◆ Study material
# # # # #

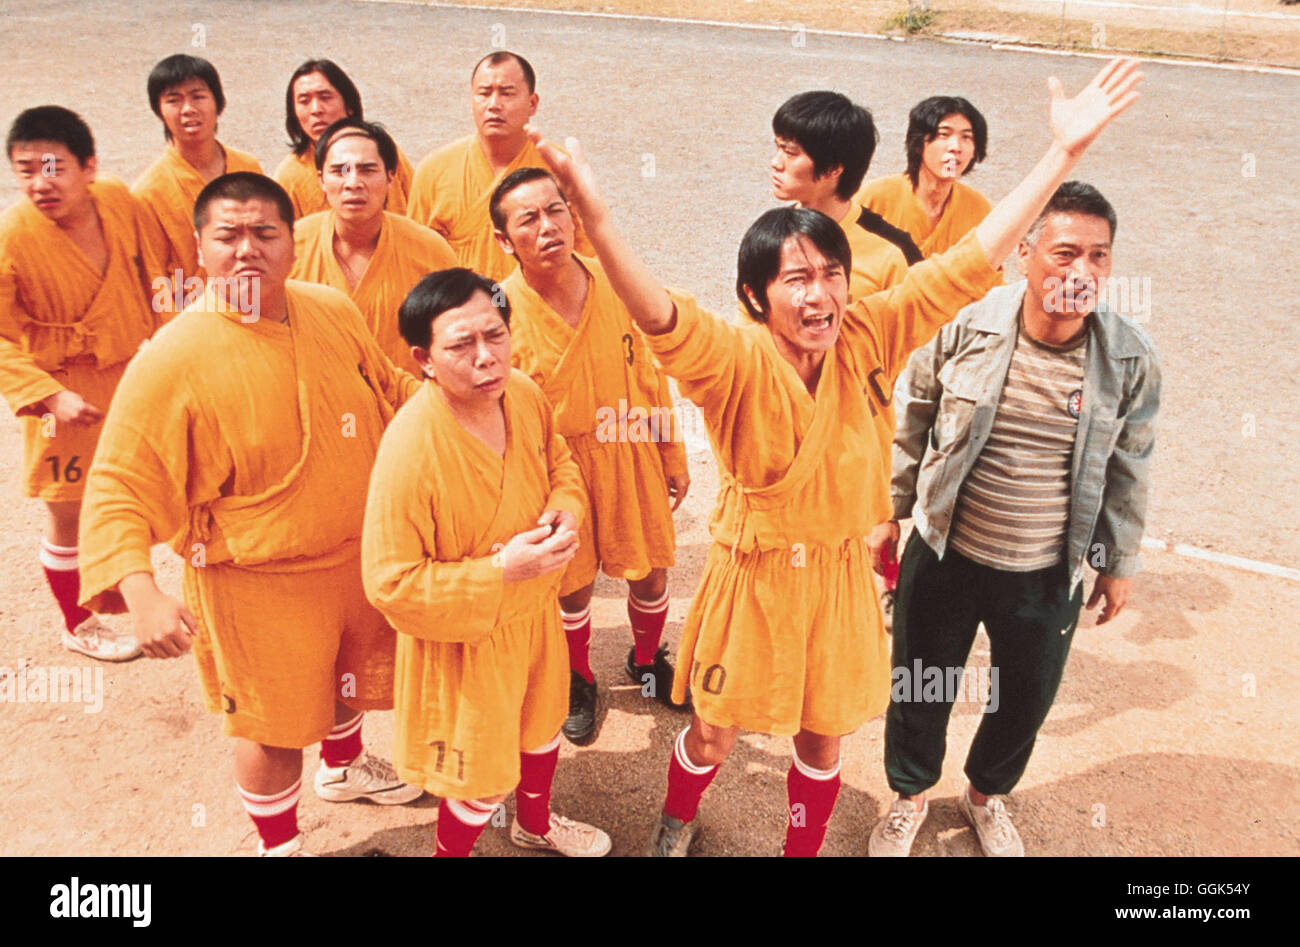 SHAOLIN KICKERS / Shaolin Soccer Hongkong 2002 / Stephen Chow Szene Stock  Photo - Alamy
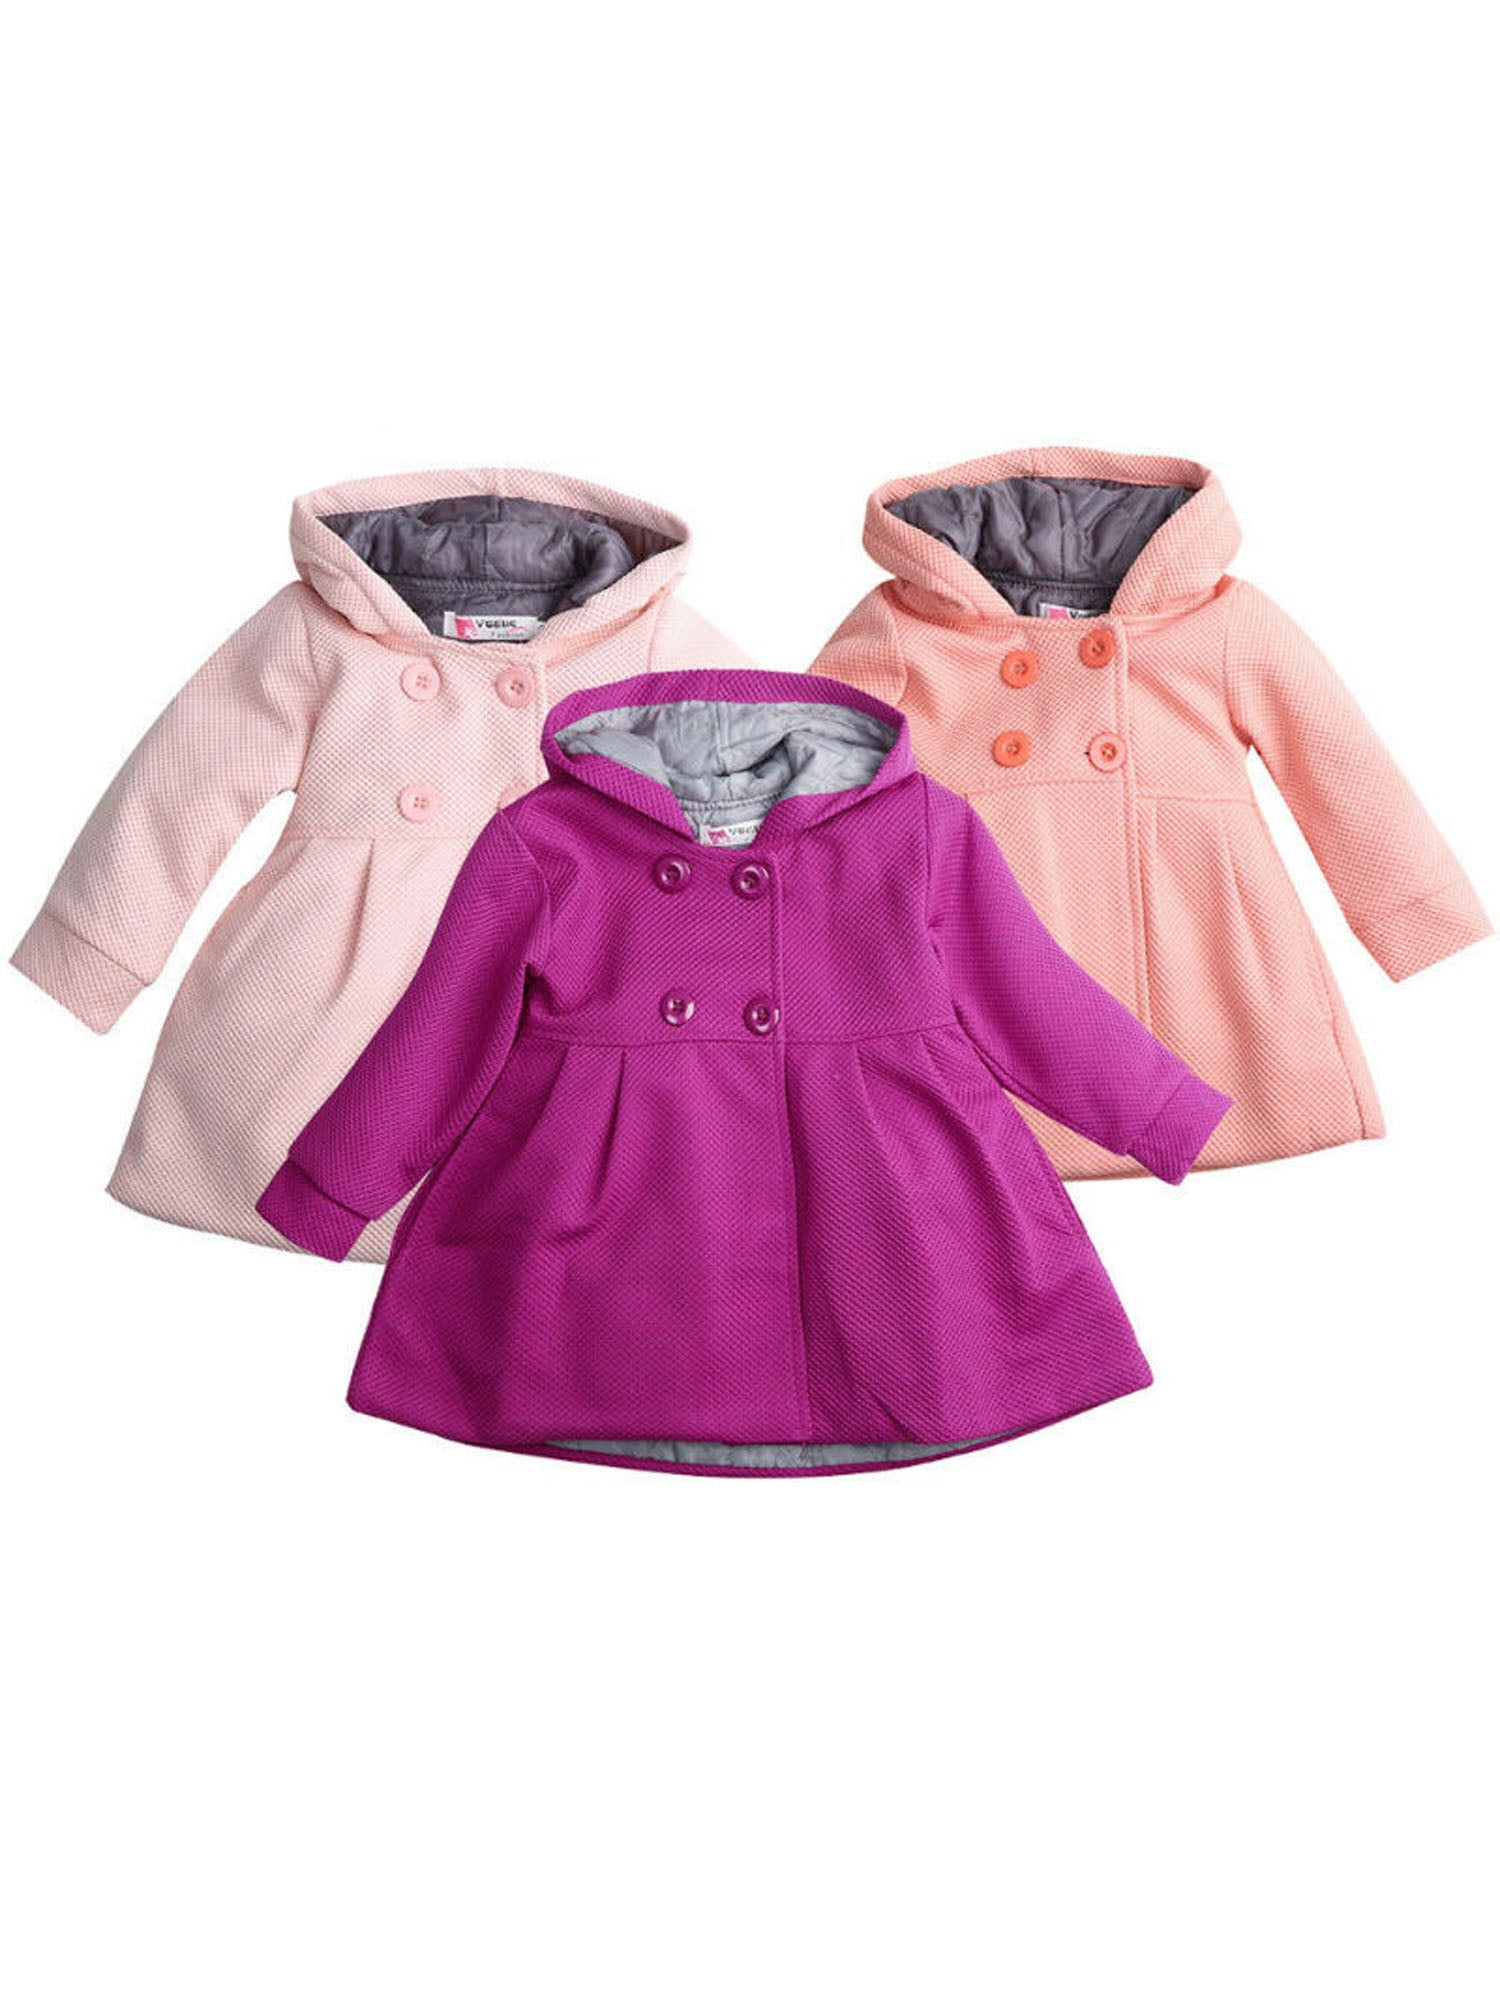 Baby Girl Hooded Trench Coat Fall Winter Windbreaker Parka Jacket Kids Outerwear 
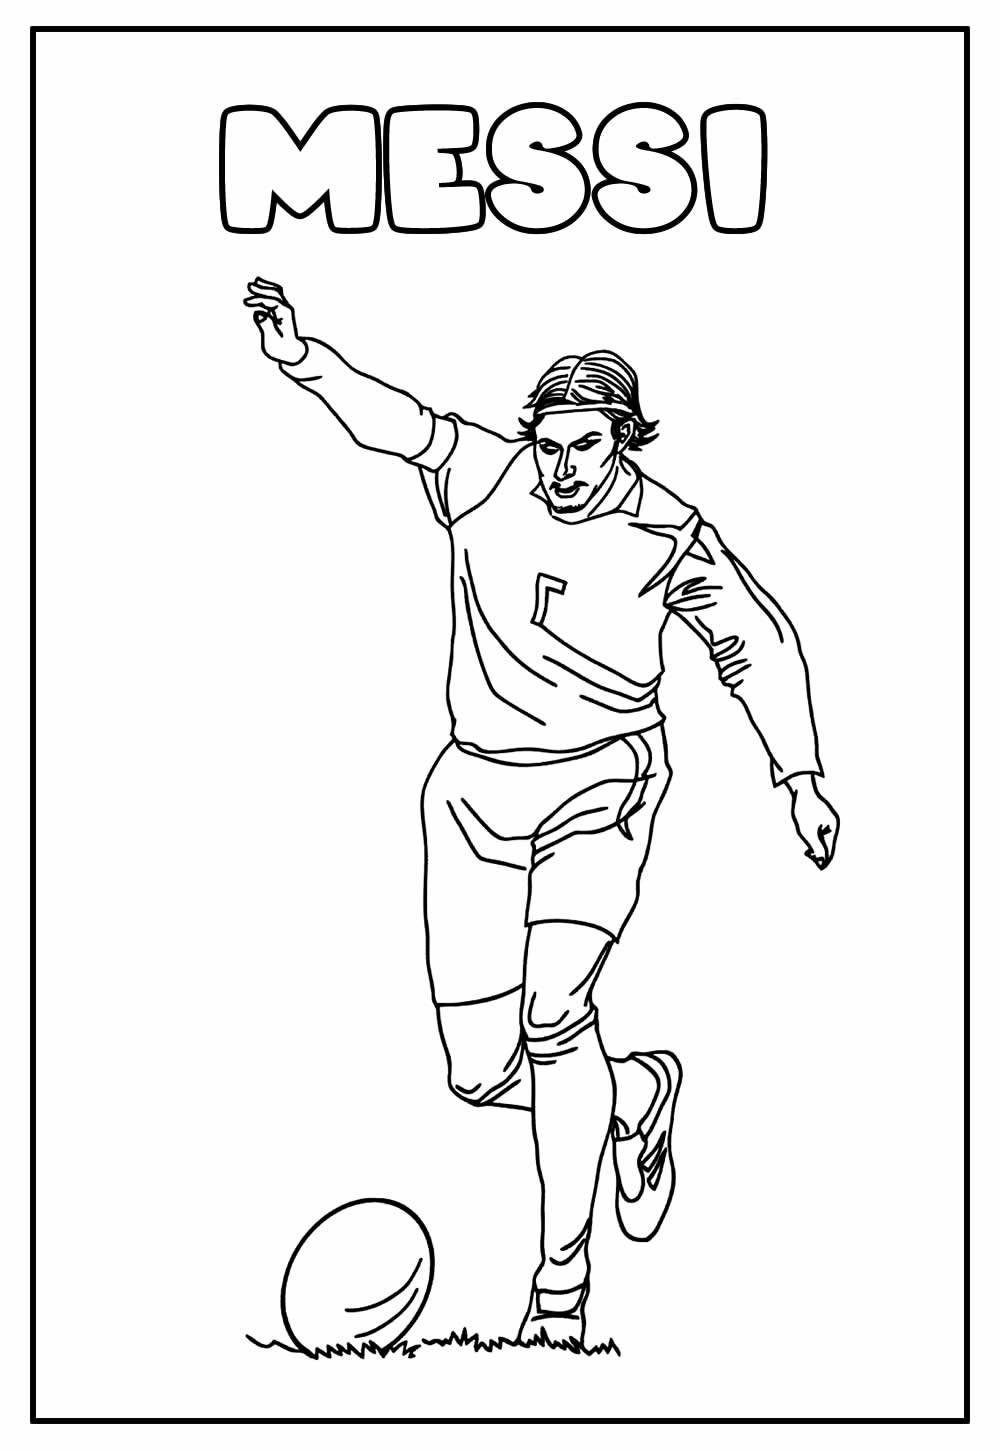 Desenho para colorir de Messi - Imagem Educativa
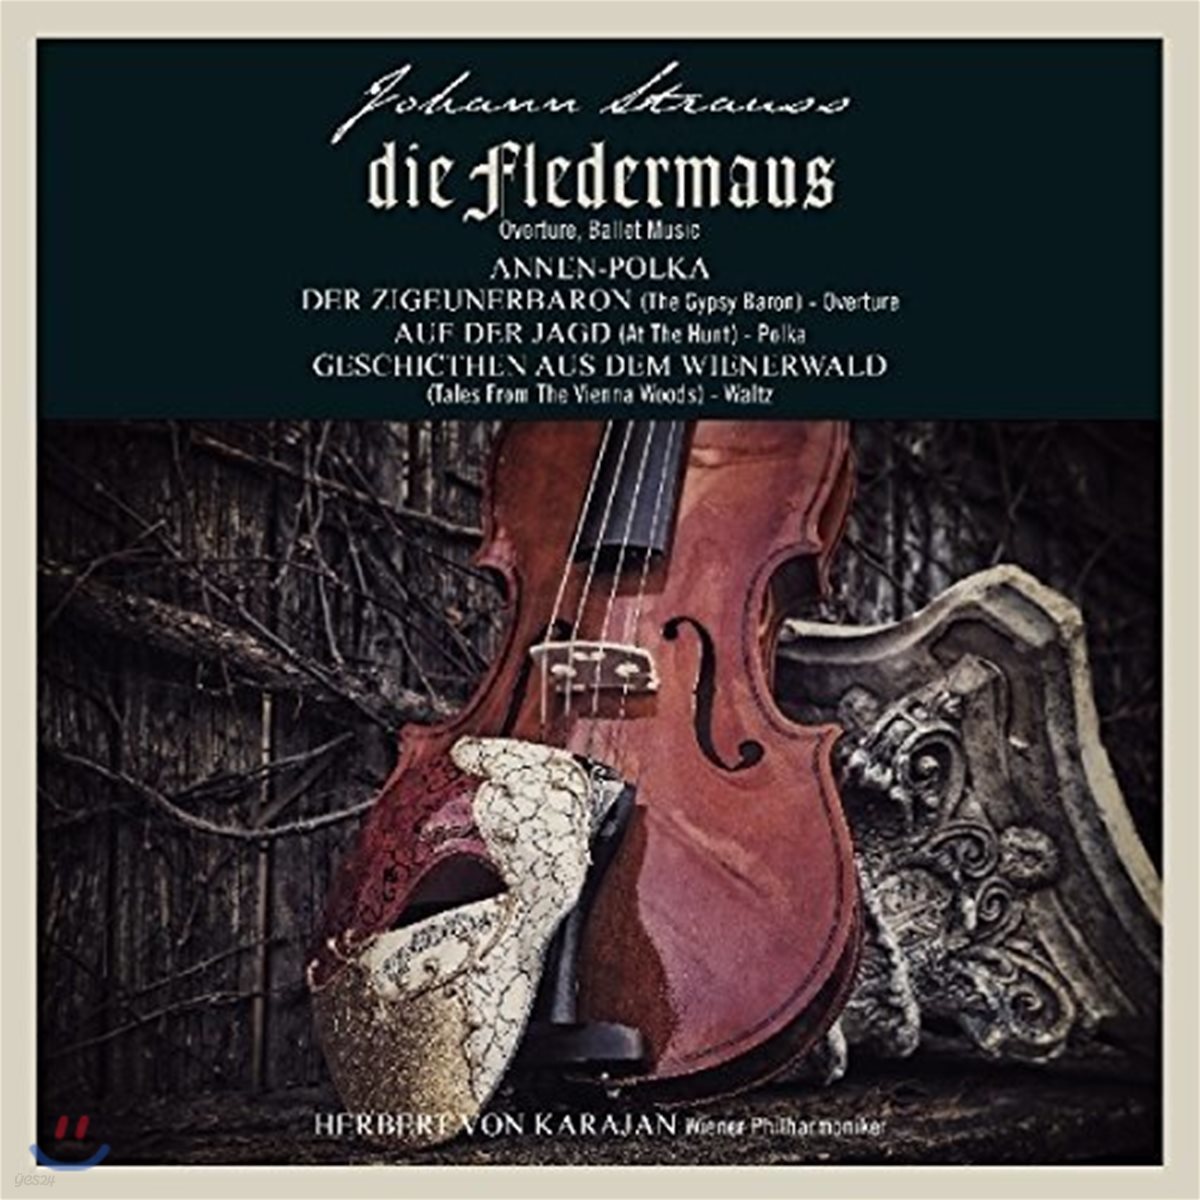 Herbert von Karajan 요한 스트라우스 2세: 서곡과 발레 음악 - 박쥐, 집시 남작, 빈 숲 속의 이야기 (Johann Strauss II: Die Fledermaus, Der Zigeunerbaron, Geschichten Aus Dem Wienerwald) [LP]
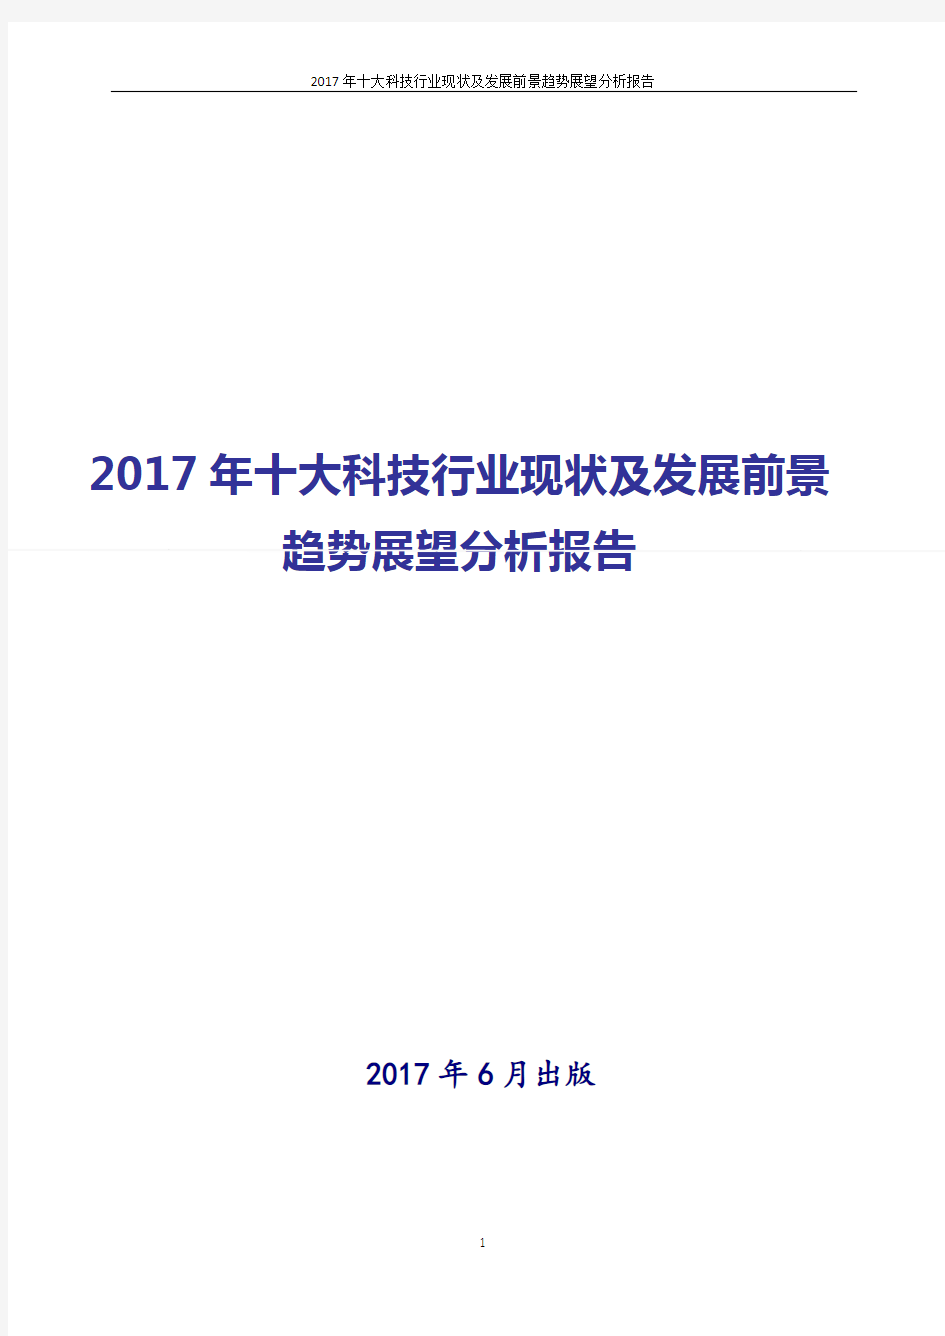 中国十大科技行业发展分析报告2017

# # # # #

◆ Problem
Reproduce the data in full. Do not carry over any picture.

◆ Answer to this problem
 SHAOLIN KICKERS / Shaolin Soccer Hongkong 2002 / Stephen Chow Szene Stock  Photo - Alamy
 Baby Girl Hooded Trench Coat Fall Winter Windbreaker Parka Jacket Kids Outerwear 
 Desenho para colorir de Messi - Imagem Educativa
 Herbert von Karajan 요한 스트라우스 2세: 서곡과 발레 음악 - 박쥐, 집시 남작, 빈 숲 속의 이야기 (Johann Strauss II: Die Fledermaus, Der Zigeunerbaron, Geschichten Aus Dem Wienerwald) [LP]
 中国十大科技行业发展分析报告2017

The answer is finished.